Serial association of dielectric barrier discharge and gliding arc systems: a novel approach for plasma-activated saline production

Abstract

Plasma-activated saline (PAS) holds immense potential for diverse applications, including antimicrobial activity, anti-inflammatory effects, and cancer therapy. This study introduces a novel approach utilizing a serially associated hybrid plasma discharge system, which combines dielectric barrier discharge (DBD) with a gliding arc plasma jet (GAPJ), to enhance the production of reactive oxygen and nitrogen species (RONS) in saline water. The serial configuration of DBD and GAPJ effectively amplifies the generation of RONS, as confirmed by optical emission spectroscopy, which revealed unique emissions associated with nitrogen and oxygen ions. Significant changes in the physicochemical properties of saline were observed, including reductions in pH and increases in oxidation-reduction potential and total dissolved solids, particularly during the initial activation phase.
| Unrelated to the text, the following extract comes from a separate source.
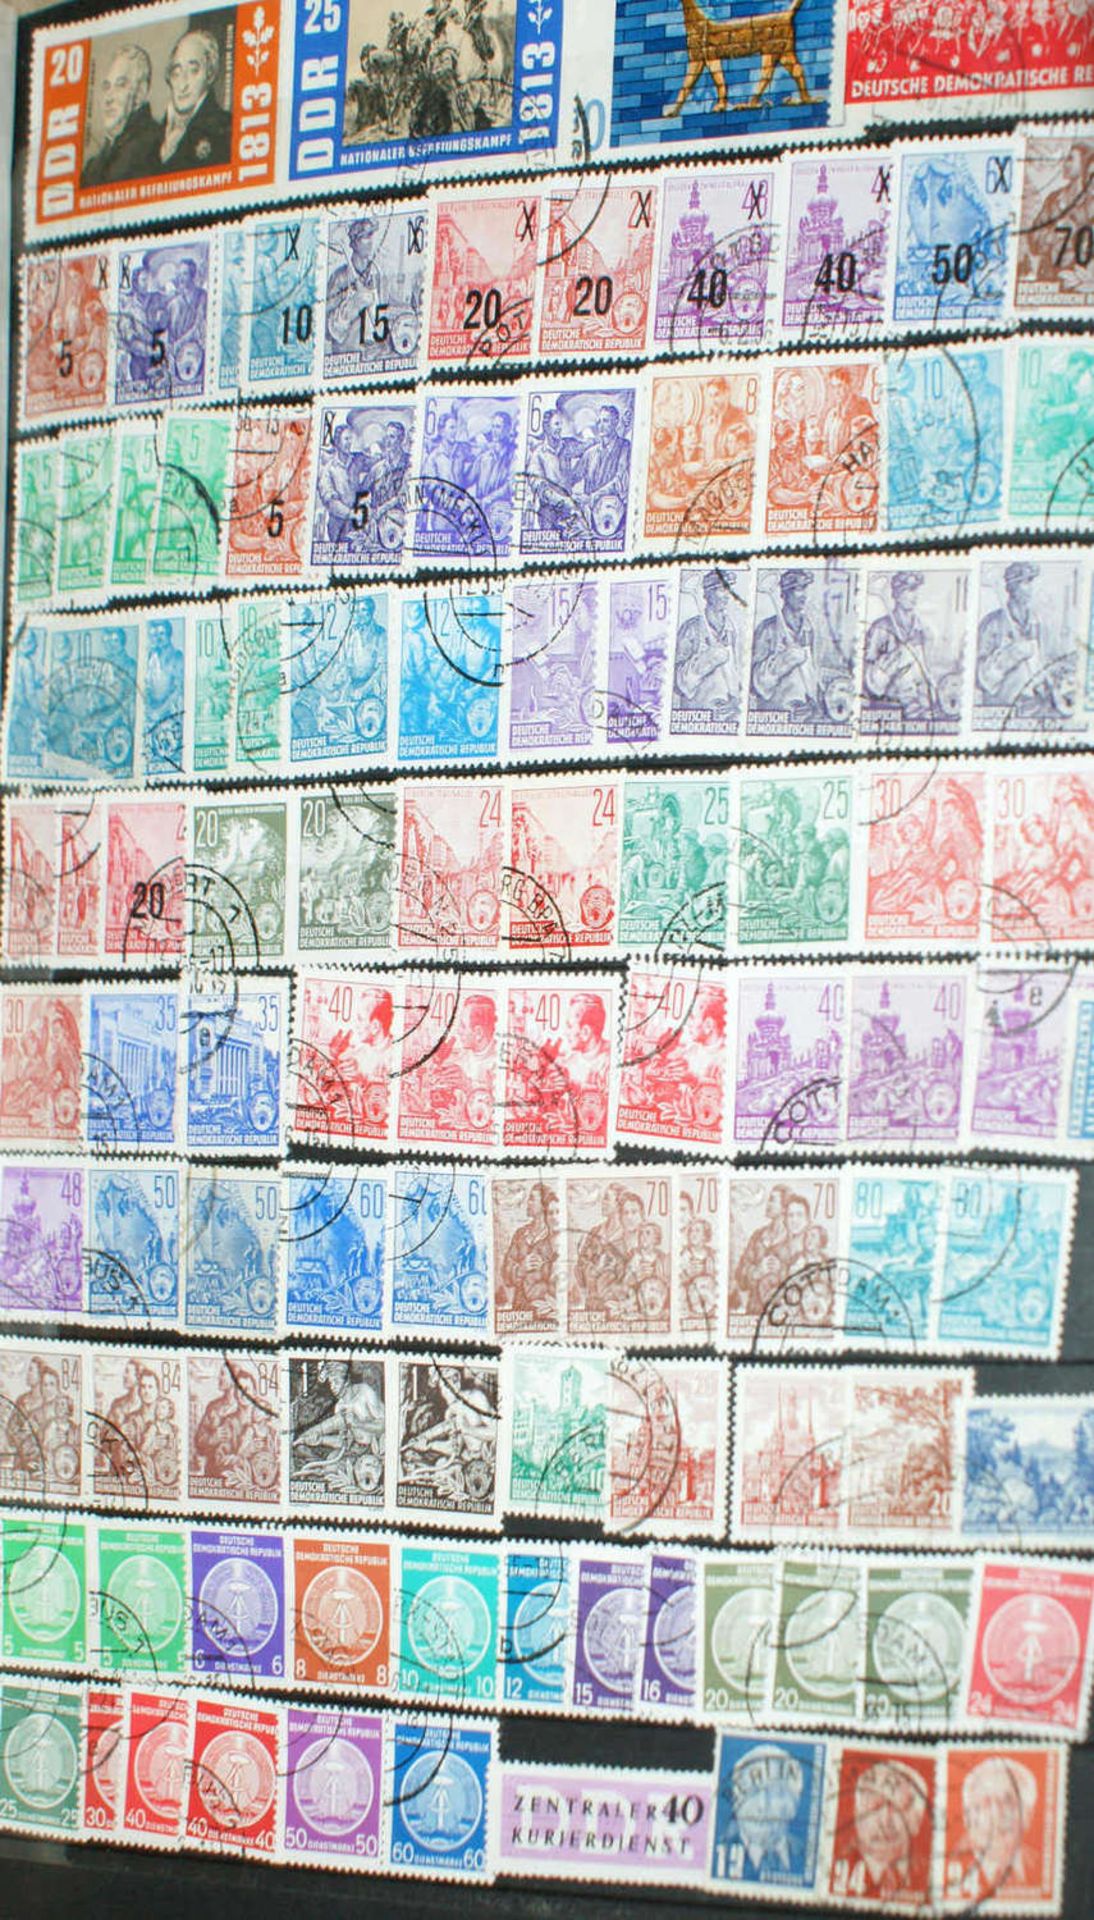 DDR - Briefmarken Dubletten Konvolut, bestehend aus 16 Alben, teilweise schlecht gelagert. - Bild 2 aus 4

Real-time UV-Vis spectroscopy revealed the formation of key RONS such as hydrogen peroxide (H2O2), ozone (O3), nitrite (NO2‒), and nitrate (NO3‒), with distinct absorption bands emerging in the UV region. Raman spectroscopy further confirmed the impact of plasma treatment on the molecular structure of saline, showing a weakening of the hydrogen-bonding network. This work offers new insights into PAS production using the serial association of DBD and GAPJ, advancing its potential for various therapeutic applications.